As for the fighters and troop carriers, no doubt those planes had come in extremely low to the ground, using the Continental Divide as a shield against the nuclear blasts. They must have timed their arrival at their targets just minutes after the ICBMs hit.

This isn’t over yet, Deborah thought. It didn’t matter that the war was lost. The enemy had beaten them at every turn, but she knew the men and women around her would never give up. Neither would Deborah, not with the guilt she felt for lying to Caruso. That deception had been a small thing, saving Emma, but Deborah had always placed her integrity above her personal feelings.

Now the two of them would pay the price. They were on the front line. If the Chinese wanted this base and high-level prisoners, they would probably succeed, but first a lot of people would die. Room by room, Deborah thought like a mantra. We’ll fight them for every goddamn room.

“General Caruso has ordered us out,” Rezac said.

“Out?” Bornmann asked.

Deborah felt the same uncertainty, even dismay. She had made her decision to fight.

“Pack it up,” Rezac said. “We can’t hold this base against ground troops. That’s impossible. All they need to do is bring the roof down on top of us. We’re getting out.”

“Out where?” another man asked.

“You heard the lady,” Walls said. “We’ll go for the north tunnel.”

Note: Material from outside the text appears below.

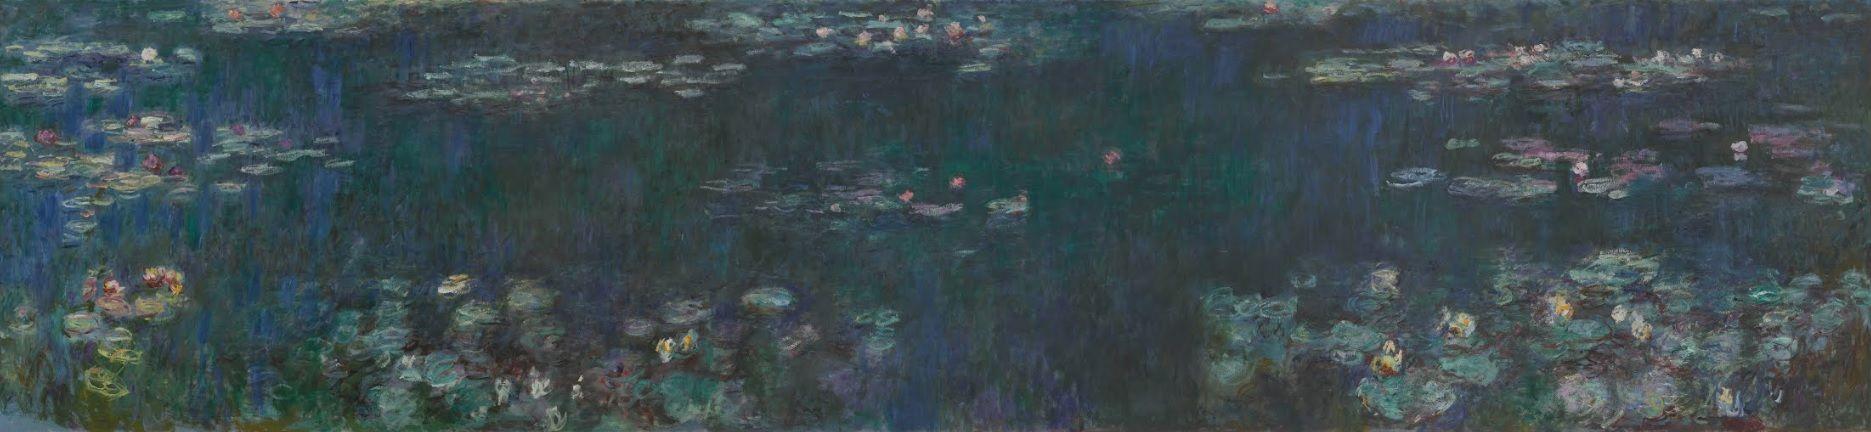 Claude Monet, Nilüferler, Yeşil Yansımalar, 1915-1926 dolayları, Musée de  l'Orangerie, Paris, Fransa. | Monet, Nilüferler, Yeşil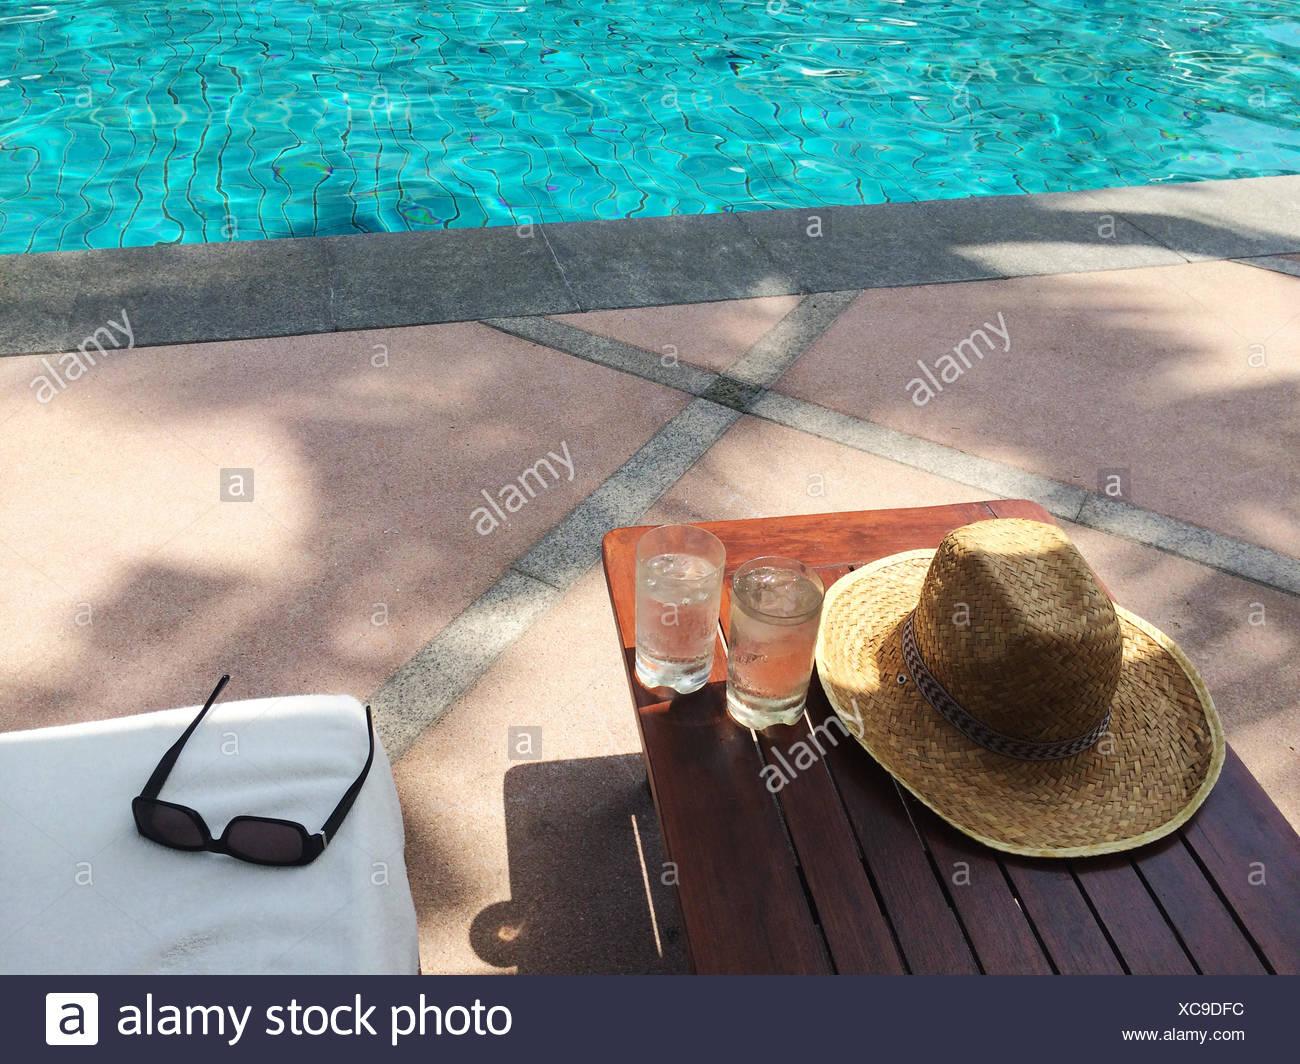 Chapeau, lunettes de soleil de paille et deux verres d'eau par piscine Photo Stock

“Jesus Christ,” the same man said, but the group was already in motion.

This is crazy, Deborah thought, even as she whirled to reevaluate the nanotech gear. The AFM was more versatile, but Emma seemed to have adhered a sample of the mind plague to the test surface of the MRFM.

“We need both of these,” Deborah said to Bornmann.

“You got it.” He gestured for his men and said, “Sweeney, Pritchard, load ‘em up. I’m on point with Lang. General Walls, I need you and everyone else to carry more air tanks, sir.”

“Right.” Walls accepted the order without protest.

The tanks on their suits were only good for another forty minutes. Deborah didn’t want to be a problem, but she wondered how they could have any chance at all if the mountain was covered in enemy troops and nanotech. What if this was another mistake?

Then the power failed and left them in blackness.

Deborah was competitive. She had a hard time understanding anyone’s failure, especially her own — and she’d changed her mind about General Caruso. The truth was that he’d misjudged the situation in delaying his launch against the Chinese. He was reluctant to hit U.S. soil. That much was forgivable. They all hoped California would become American territory again someday, and San Diego and Los Angeles were vital cities on the coast.

Before her small group left the command center, Caruso had reversed his diplomatic efforts. He tried to negotiate their surrender. He was willing to lose if he could extract a few conditions from the Chinese before standing down, and it took an awful kind of bravery to broker a cease-fire. It was the same sort of courage Ruth must have summoned to end the previous war. Caruso would always be remembered as the man who capitulated. He’d even fought to take that role, wresting power away from the secretary of defense because he thought he could better manage the job.

He should have known better.

The problem was that every word needed to pass through his translators to the Chinese and back again, sometimes twice or even three times to be certain. Their failing communication links only intensified these delays as Caruso switched from satellite phones to radio bands and the very few hard lines between the Rockies and southern California.

The enemy had strung him along expertly. The Chinese were masters at stonewalling. They kept promising top-level contacts even as they claimed that each of these officials were already engaged with other members of the U.S. military. Each time, Caruso’s teams scrambled to reach those Americans themselves. Too often, they verified that these people were cut off or infected or dead. Confronting the Chinese with this information only led to more contradictions and excuses, all of which needed to be translated as well.